EXERCISE: Write out the data exactly as given, dropping every picture.

DATA EXCERPT:
[Start of Attachment]

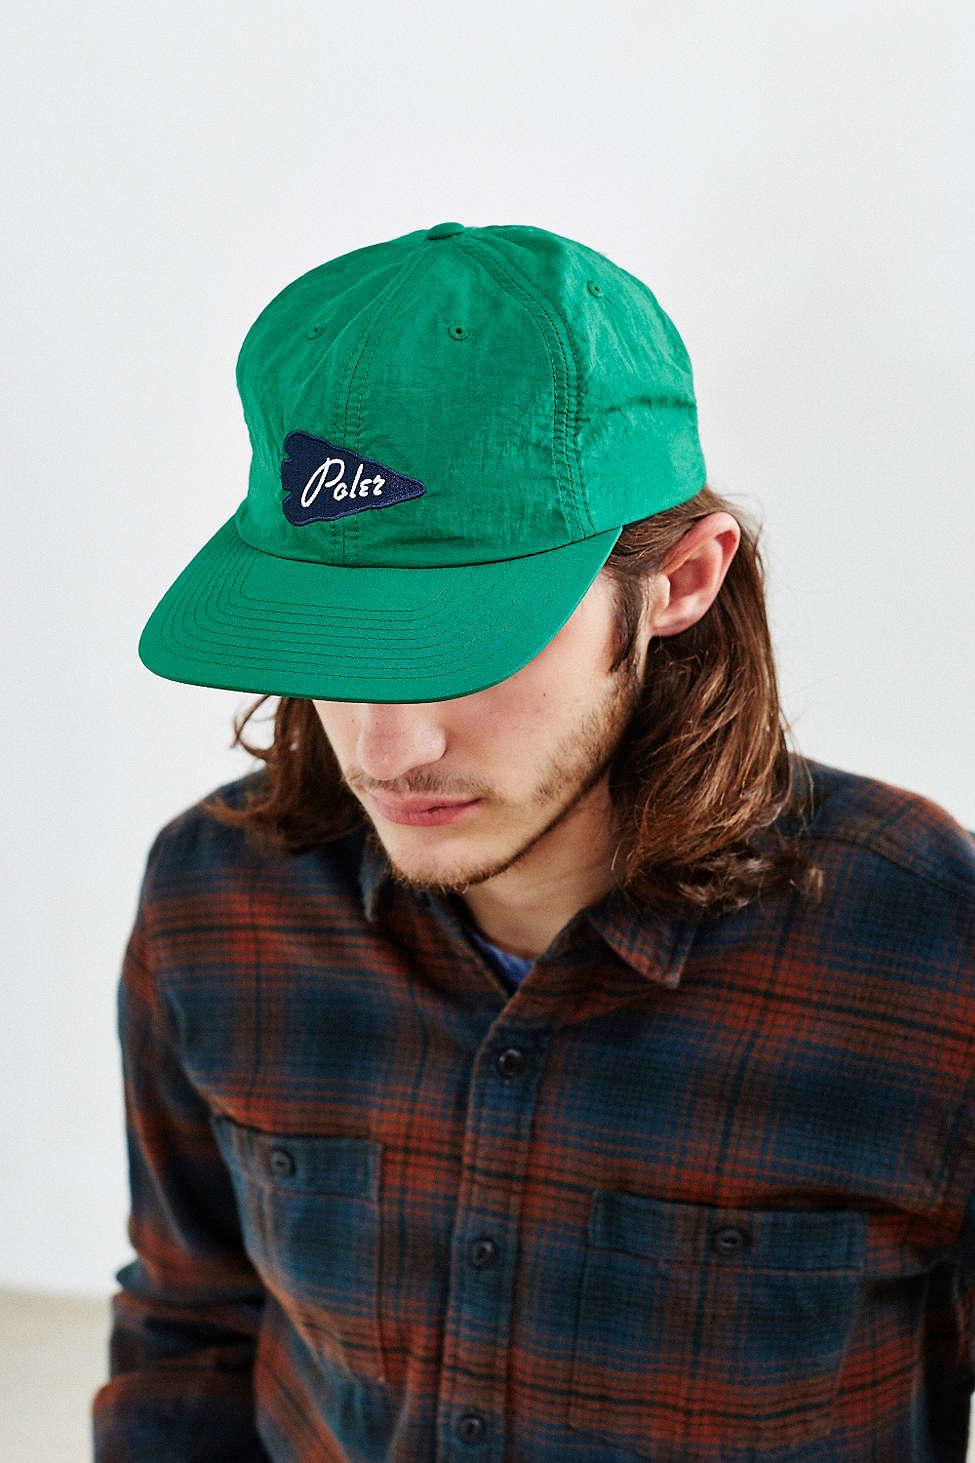 Lyst - Poler Coastal Floppy Baseball Hat in Green for Men 5362622153b
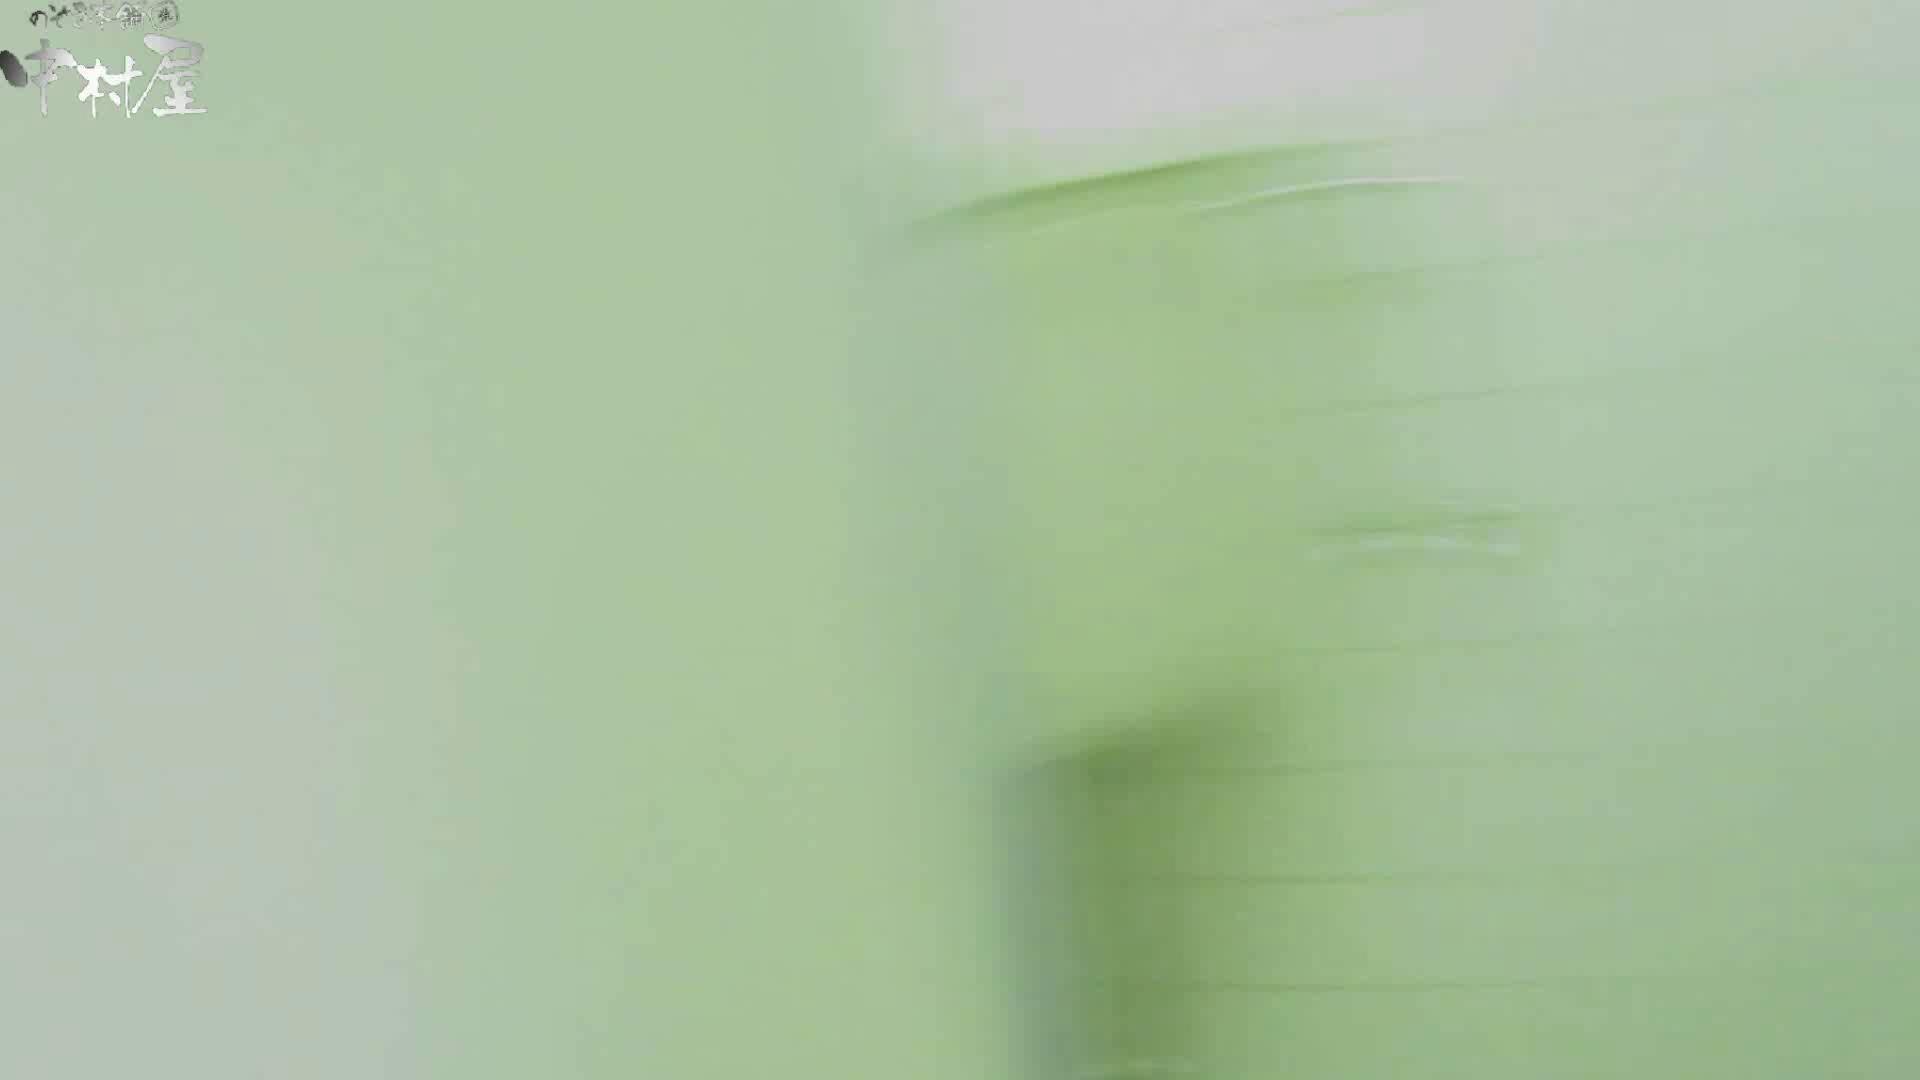 魂のかわや盗撮62連発! 長~い!黄金水! 41発目! 黄金水 | 女体盗撮  102連発 45
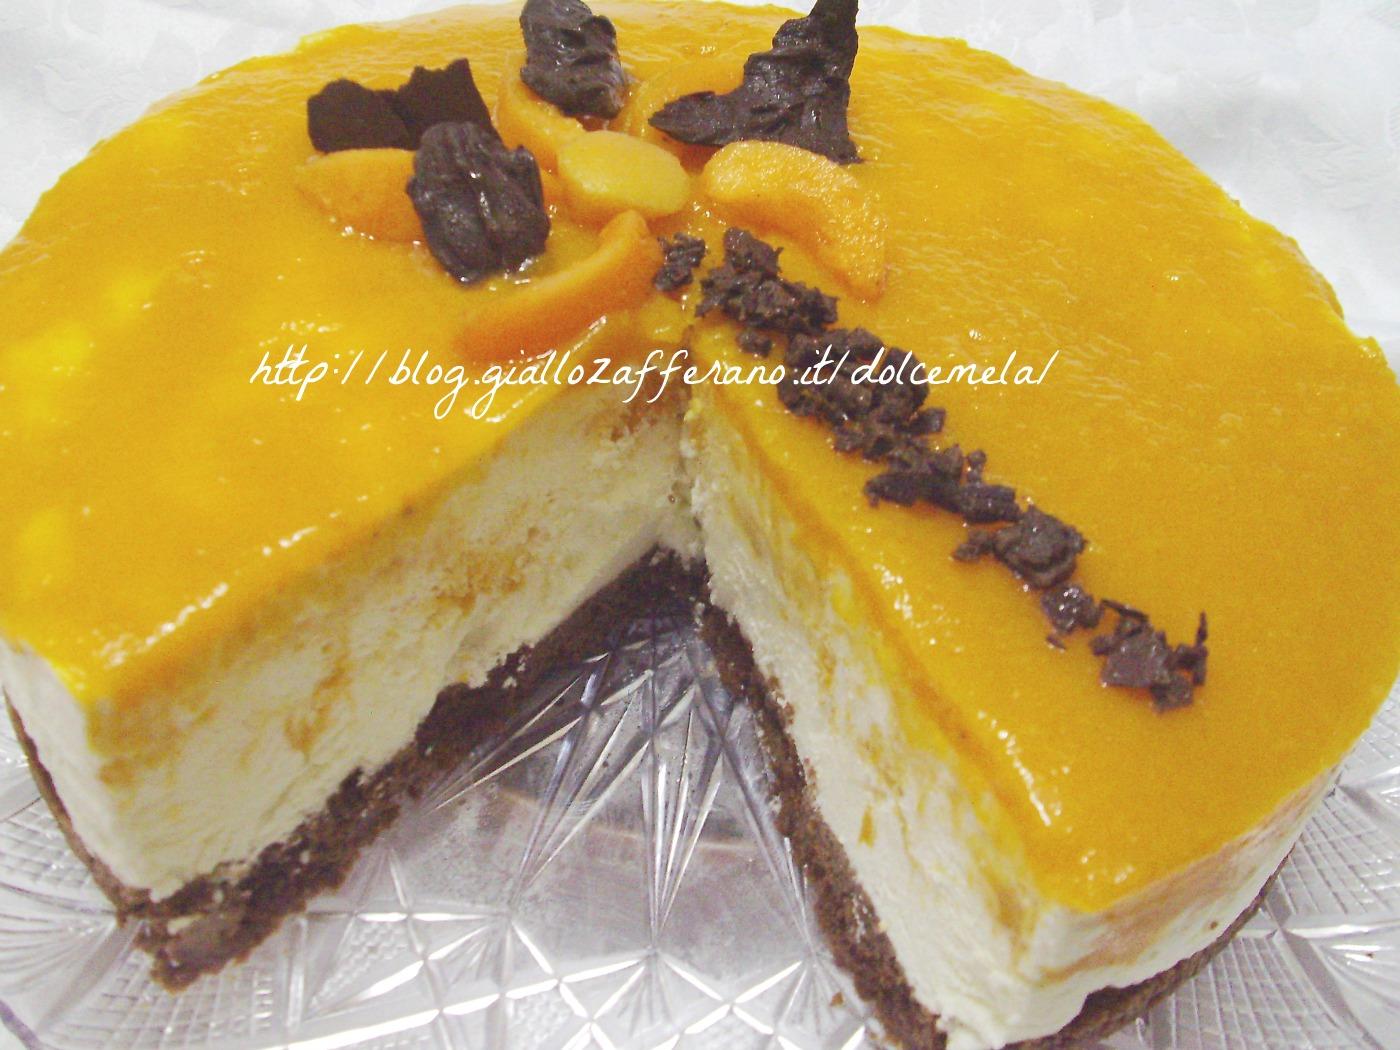 torta fresca con yogurt e albicocche ricetta con frutta di stagione da profumo di glicine

[End of Attachment]

RESPONSE:
 Lyst - Poler Coastal Floppy Baseball Hat in Green for Men 5362622153b
 魂のかわや盗撮62連発! 長~い!黄金水! 41発目! 黄金水 | 女体盗撮  102連発 45
 torta fresca con yogurt e albicocche ricetta con frutta di stagione da profumo di glicine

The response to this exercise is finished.